The processor 210 is used to execute the instructions stored in the storage 220 to control the communication interface 230 to receive and transmit signals, and to complete the steps of the above-mentioned method. The storage 220 may be integrated in the processor 210, or may be provided separately from the processor 210.
In one possible implementation, the function of the communication interface 230 may be implemented by a transceiver circuit or a dedicated chip for transceiving. Processor 210 may be considered to be implemented by a dedicated processing chip, processing circuit, processor, or a general-purpose chip.
Embodiments of the present application also provide a computer storage medium, which stores computer instructions, and when the computer instructions are executed by a processor, the method described above is implemented.
In another possible implementation manner, the apparatus provided by the embodiment of the present application may be implemented by using a general-purpose computer. Program code that implements the functions of the processor 210 and the communication interface 230 is stored in the storage 220, and a general-purpose processor implements the functions of the processor 210 and the communication interface 230 by executing the code in the storage 220.
For the concepts, explanations, details and other steps related to the technical solutions provided in the embodiments of the present application, please refer to the description of the method or the contents of the method steps executed by the apparatus in other embodiments, which are not described herein again.
As another implementation of the present embodiment, a computer program product is provided that contains instructions that, when executed, perform the method in the above-described method embodiments.
Those skilled in the art will appreciate that in an actual terminal or server, there may be multiple processors and storage. The storage may also be referred to as a storage medium or a storage device, and the like, which is not limited in this application.
It should be understood that, in the embodiment of the present Application, the processor may be a Central Processing Unit (CPU), and the processor may also be other general-purpose processors, Digital Signal Processors (DSPs), Application Specific Integrated Circuits (ASICs), Field-Programmable Gate arrays (FPGAs) or other Programmable logic devices, discrete Gate or transistor logic devices, discrete hardware components, and the like.
It should also be understood that references to a memory in embodiments of the present application may be either volatile memory or nonvolatile memory, or may include both volatile and nonvolatile memory. The non-volatile Memory may be a Read-Only Memory (ROM), a Programmable ROM (PROM), an Erasable PROM (EPROM), an Electrically Erasable PROM (EEPROM), or a flash Memory. Volatile storage may be Random Access Memory (RAM) which acts as external cache Memory. By way of example and not limitation, many forms of RAM are available, such as Static random access memory (Static RAM, SRAM), Dynamic RAM (DRAM), Synchronous DRAM (SDRAM), Double Data rate SDRAM (DDR SDRAM), Enhanced SDRAM (ESDRAM), Synchlink DRAM (SLDRAM), and Direct Rambus RAM (DRRAM).
It should be noted that when the processor is a general-purpose processor, a DSP, an ASIC, an FPGA or other programmable logic device, a discrete gate or transistor logic device, or a discrete hardware component, the memory (memory module) is integrated in the processor.

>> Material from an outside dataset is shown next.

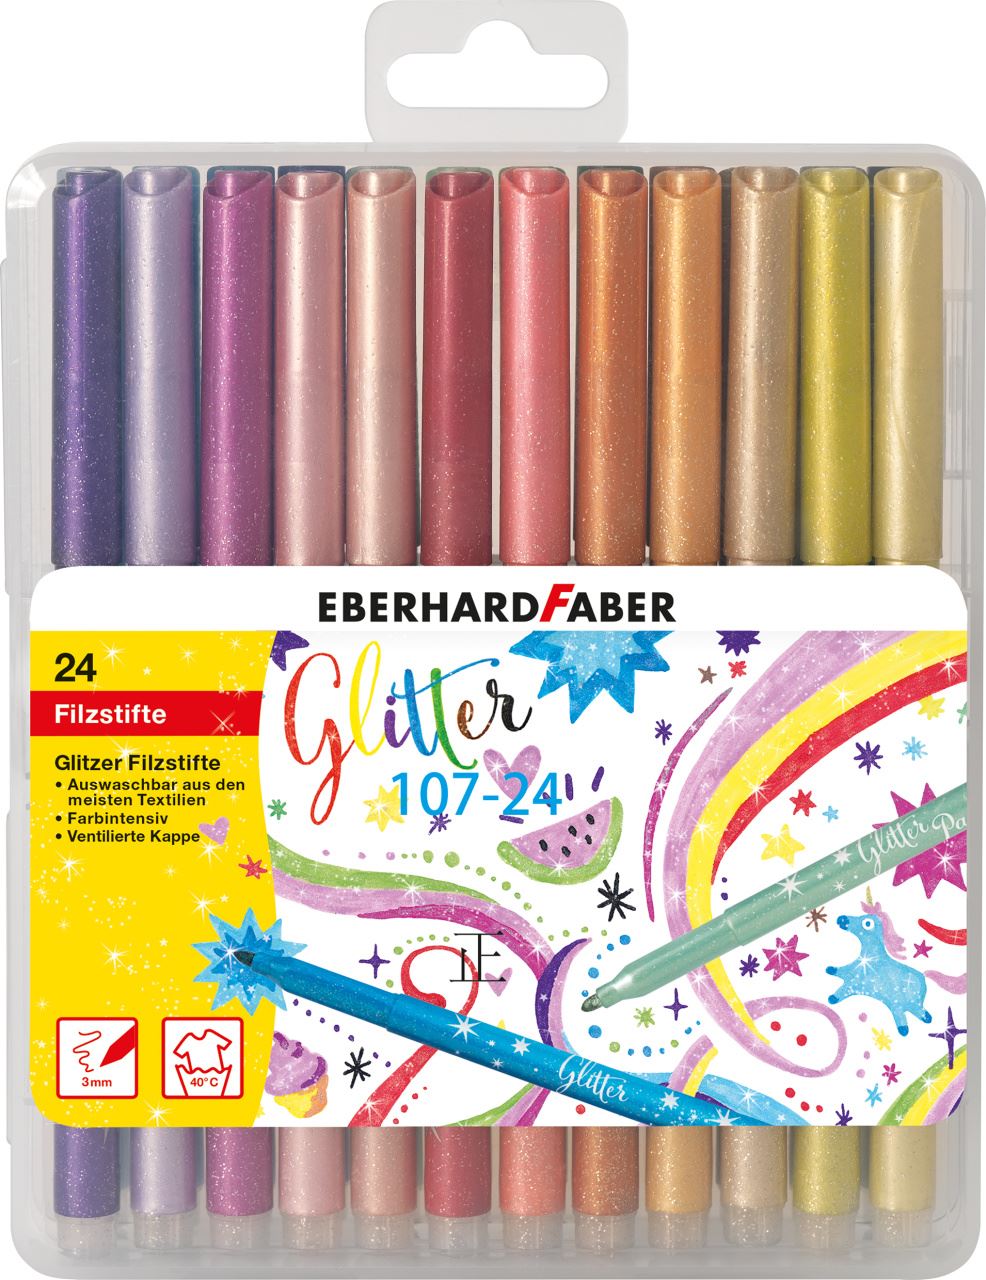 Eberhard-Faber - Glitzer Filzstifte, Aufbewahrungsbox mit 24 Farben

It should be noted that the reservoirs described herein are intended to include, but are not limited to, these and any other suitable types of reservoirs.
The bus may include a power bus, a control bus, a status signal bus, and the like, in addition to the data bus. But for clarity of illustration the various buses are labeled as buses in the figures.
It should also be understood that reference herein to first, second, third, fourth, and various numerical designations is made only for ease of description and should not be used to limit the scope of the present application.
It should be understood that the term "and/or" herein is merely one type of association relationship that describes an associated object, meaning that three relationships may exist, e.g., a and/or B may mean: a exists alone, A and B exist simultaneously, and B exists alone. In addition, the character "/" herein generally indicates that the former and latter related objects are in an "or" relationship.
In implementation, the steps of the above method may be performed by integrated logic circuits of hardware in a processor or instructions in the form of software. The steps of a method disclosed in connection with the embodiments of the present application may be directly implemented by a hardware processor, or may be implemented by a combination of hardware and software modules in a processor. The software module may be located in a random access memory, a flash memory, a read-only memory, a programmable read-only memory or an electrically erasable programmable memory, a register, etc. storage media that are well known in the art. The storage medium is located in a storage, and the processor reads information in the storage and completes the steps of the method in combination with hardware of the processor. To avoid repetition, it is not described in detail here.
In the embodiments of the present application, the sequence numbers of the above-mentioned processes do not mean the execution sequence, and the execution sequence of each process should be determined by its function and inherent logic, and should not constitute any limitation to the implementation process of the embodiments of the present application.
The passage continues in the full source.